■ AIM OF THE EXERCISE ■
Please take the lines from the one holding "Нить силиконовая (резинка)" through the one holding "食品级硅胶厨具心形蛋糕模具打蛋器擀面杖刮刀儿童DIY烘焙工具" in the data below and copy them exactly.

■ AVAILABLE RECORDS ■
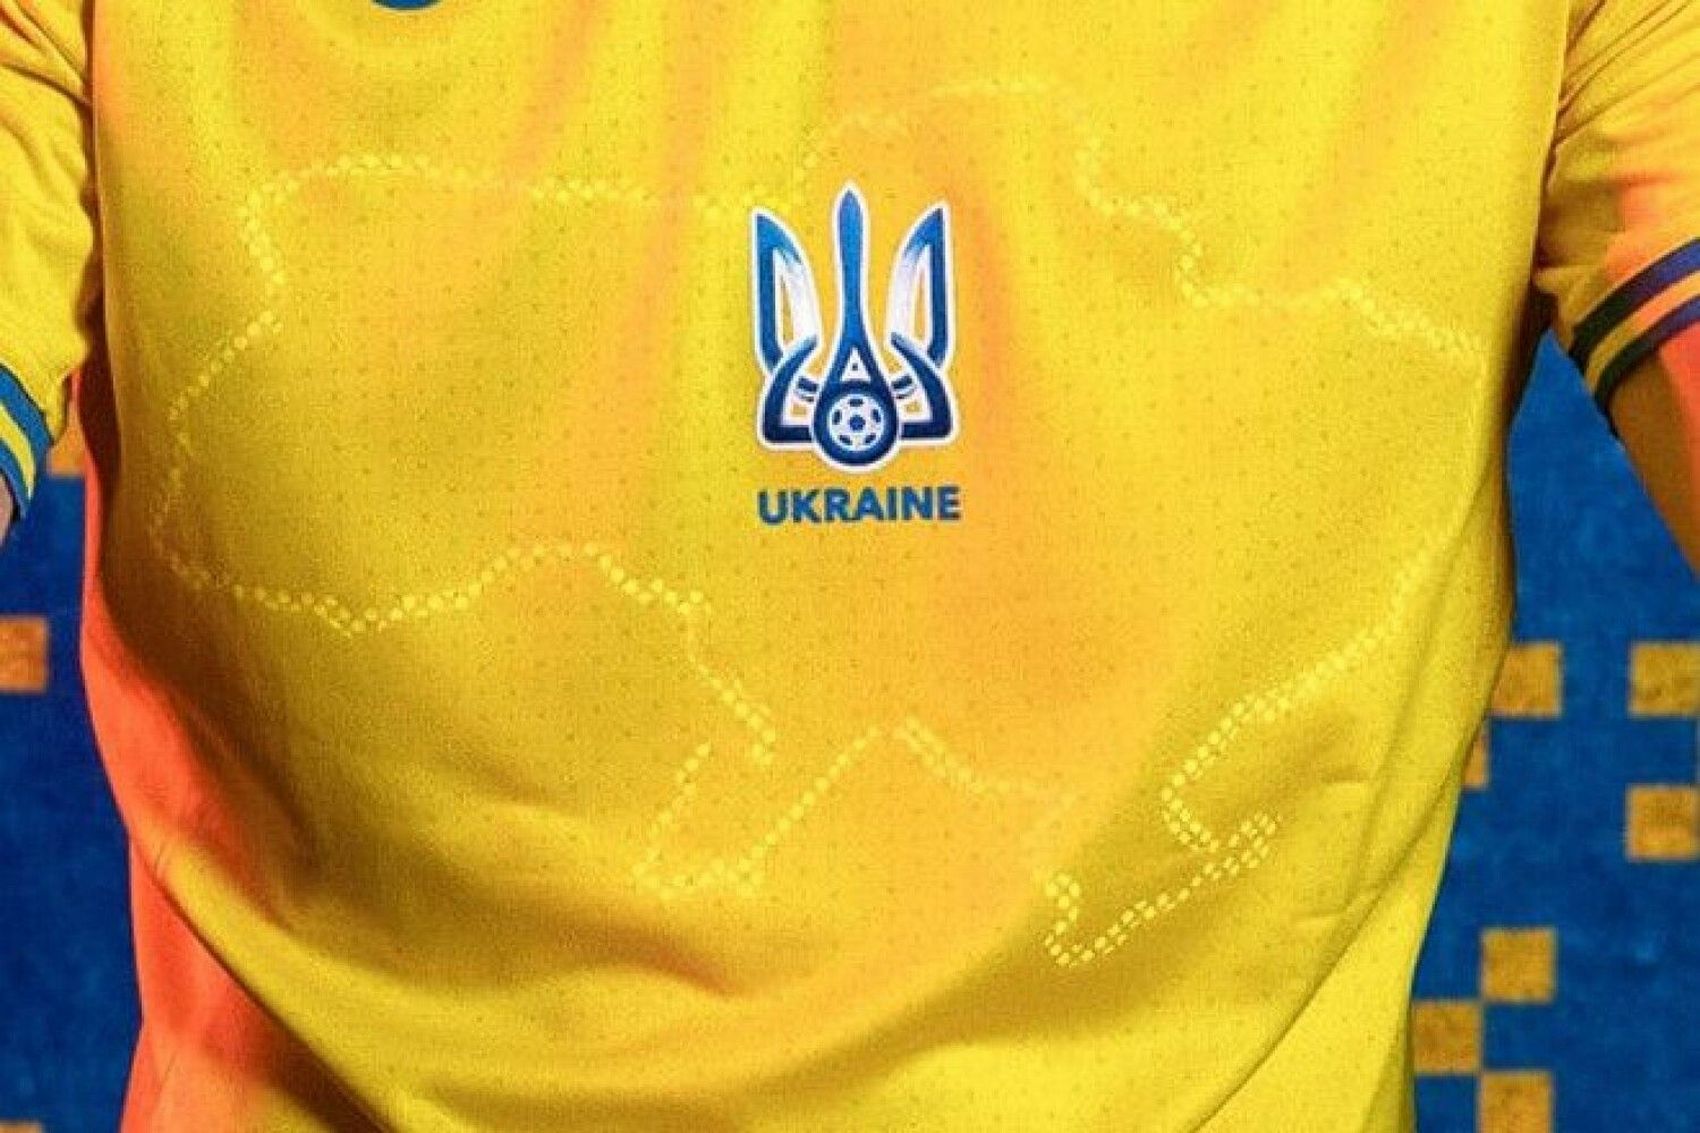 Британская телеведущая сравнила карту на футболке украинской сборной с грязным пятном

...

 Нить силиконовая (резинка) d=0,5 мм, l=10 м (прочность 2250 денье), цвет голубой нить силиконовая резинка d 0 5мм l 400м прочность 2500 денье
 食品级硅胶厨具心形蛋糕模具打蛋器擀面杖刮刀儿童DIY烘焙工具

■ RESULT ■
 Нить силиконовая (резинка) d=0,5 мм, l=10 м (прочность 2250 денье), цвет голубой нить силиконовая резинка d 0 5мм l 400м прочность 2500 денье
 食品级硅胶厨具心形蛋糕模具打蛋器擀面杖刮刀儿童DIY烘焙工具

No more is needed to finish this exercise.